In this way dreams seem like a private language, which, if I understood my Wittgenstein in any way (and I don’t), the presence of such conceptual terms that cannot be shared is impossible at worst, or meaningless at best. Are dreams an example of a vocabulary that is so personal only the agent can understand it? The presence of an unconscious is a puzzle for any given person, but the analysts would presumably think it is in principle comprehensible.

There were two other aspects that came to mind when I was reading Jung. One is the misunderstanding in his view of what people understood to be the archetypes. Jung does not want to say that there are universal structures and symbols in the mind that are present in all agents, as a metaphysical thesis. However if certain symbols are powerful enough to find presence in many minds (such as religious notions or personalities). What Jung took to be the archetype is the faculty that people have of approaching universal ideals in their own mind. This is the kind of difference that is present in Kant’s thesis of systematicity (or the constitutive a priori). To use Kantian terminology, the Jungian archetype is not constitutive of archetypes and the specific content of them, but is the regulative ideal, the principle of discrimination wherein specific archetypes lay. The presence of the same archetypes in people may be explained through another means than saying that the archetypes of something are a universal construct.

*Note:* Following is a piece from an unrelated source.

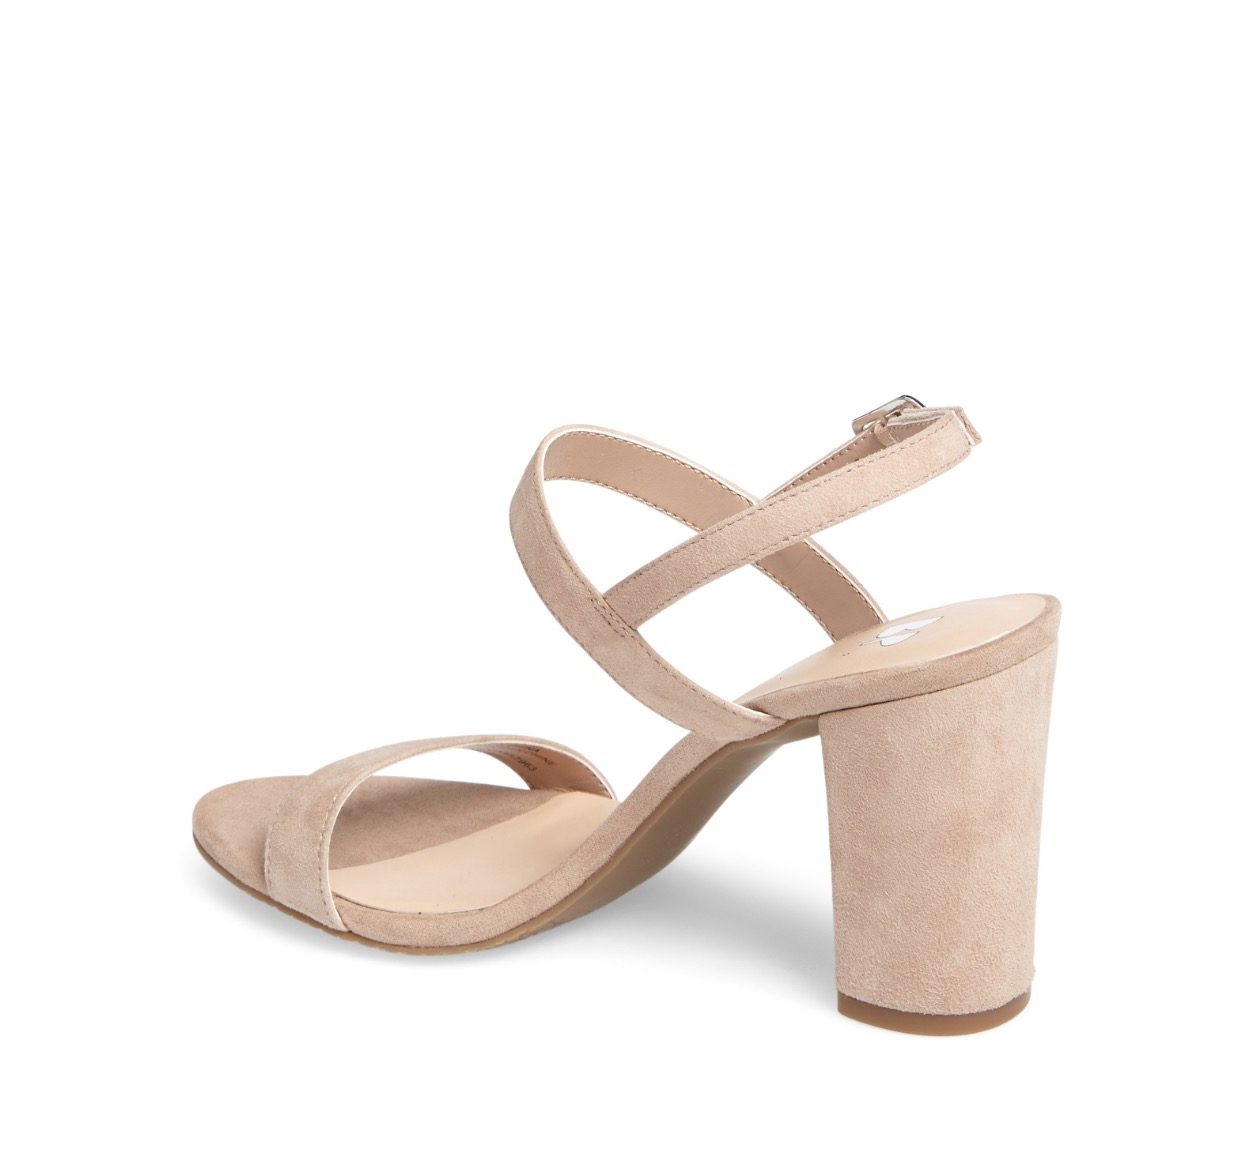 e0a2951795de Nordstrom  Lula Block Heel Slingback Sandal BP. - Elevated Style

And finally, perhaps the most odd thing I thought was interesting was when Jung talks of an unconscious personality in men, of a feminine aspect. There seems to be some kind of revelation with unconscious psyches that are revealed in dreams or other ways. Personalities which have a presence in one’s mind, maybe as a replication of somebody else, or reflecting some significance to the agent. The unconscious personalities seemed an interesting notion to me, as when I practice piano I think of my old piano teacher still giving me instructions (and me ignoring them). Despite all the disagreements we had, I have internalised his teacher personality in my mind when I play. I suppose the same goes for the friend of mine who coaches me at Badminton: I’m always trying to think of the best shot and the best technique, thinking of drills and what I need to improve on.

Maybe its patronising to think of an unconscious female psyche imbued in my male mindset. Or maybe acknowledging it is some sense of agendered completeness. In the same way as I imagine my piano teacher’s advice and ignore it when I practice, the unconscious presence of gendered psyches may provide a source of gendered sympathy. To be honest I’m not really sure what to make of Jung. Due to the overwhelming nature of his subjective conceptions it seems hard to me that the material presented in Man and his Symbols be taken as serious psychology, however, as a form of understanding one’s own thoughts and the confabulations we make up in our everyday thinking, maybe it’s an interesting toolbox.